The incremental cost-effectiveness of PO1 and PO2 over IMCI was found to be very low in 14 of the 15 countries (less than $30 per DALY averted). For reference, the gross domestic product (GDP) per capita across these 14 countries ranged from $400 to $3,000 in 2013. Compared with the cost-effectiveness of the distribution of PCV10, estimated to be $100 per DALY averted22, this seems to be remarkably favourable. However, the extra costs of providing oxygen support were not taken into account in the calculations of cost-effectiveness, owing to a lack of data on the availability of oxygen support at the country level. Including the costs in the analyses will decrease the cost-effectiveness. Nevertheless, we predict that when coupled with the additional costs of oxygen support, pulse oximetry will still compare favourably with the PCV10 vaccine. For example, a study in Papua New Guinea estimated the cost-effectiveness of improving oxygen support in this area (including oxygen concentrators and the provision of pulse oximeters) to be $50 per DALY averted23.

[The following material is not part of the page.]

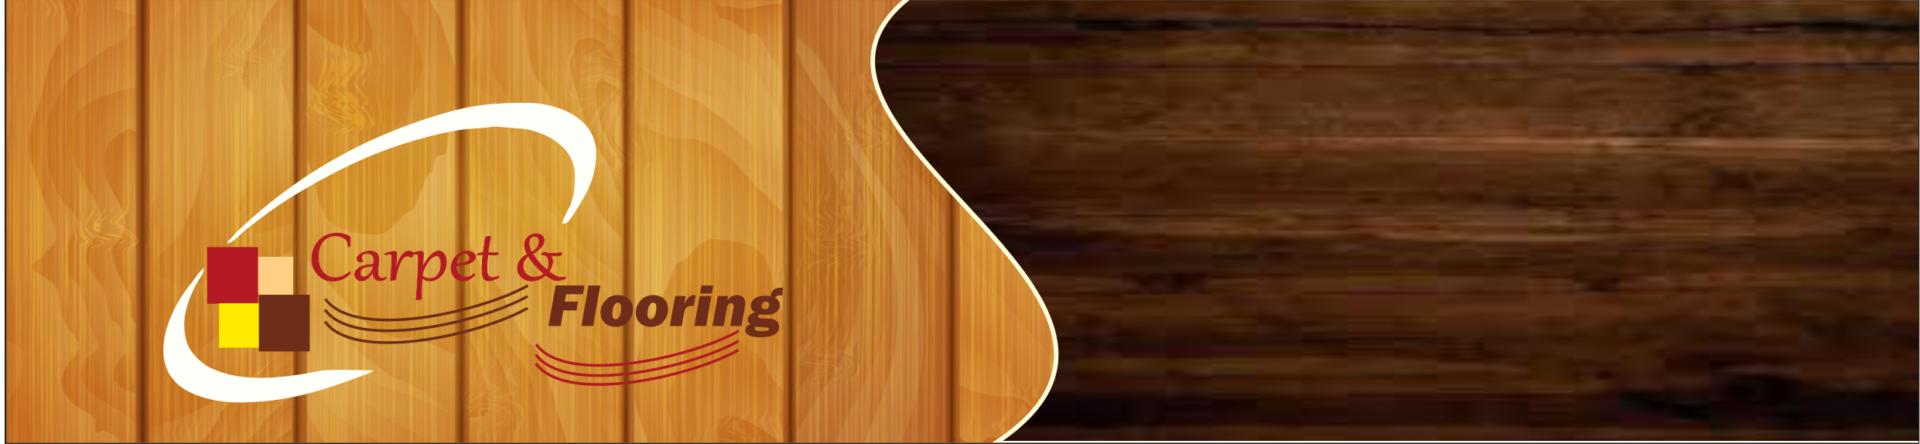 Wallpaper Suppliers In Mumbai 9324384072 In 2020 Wallpaper Suppliers Pvc Flooring Carpet Flooring

There were several limitations to our analysis. One of these was the lack of country-specific data to inform our parameter for access to hospital care. We assumed that 61% of people who were referred to hospital would access hospital care, based on data from a retrospective case review study of children with severe pneumonia in Tanzania24. More realistically, we know that the proportion of children reaching an appropriate health facility may vary significantly between countries and so having one single parameter for all countries could result in inaccurate estimates. However, our sensitivity analysis showed that the model is less sensitive to hospital access than community-based care access. Another limitation was a lack of data on the availability of oxygen support across the 15 countries and how it is distributed throughout the health system. Linked to this was our assumption that the hospital systems in each country were substantial enough to support the extra cases that would be hospitalized. More field data on the hospital systems in each country is required to inform and expand the model to appropriately address these limitations. Nevertheless, it is clear that for any new prognostic to have impact there is the need to also invest in strengthening the existing primary and tertiary health-care facilities so that appropriate care is provided to those that are referred.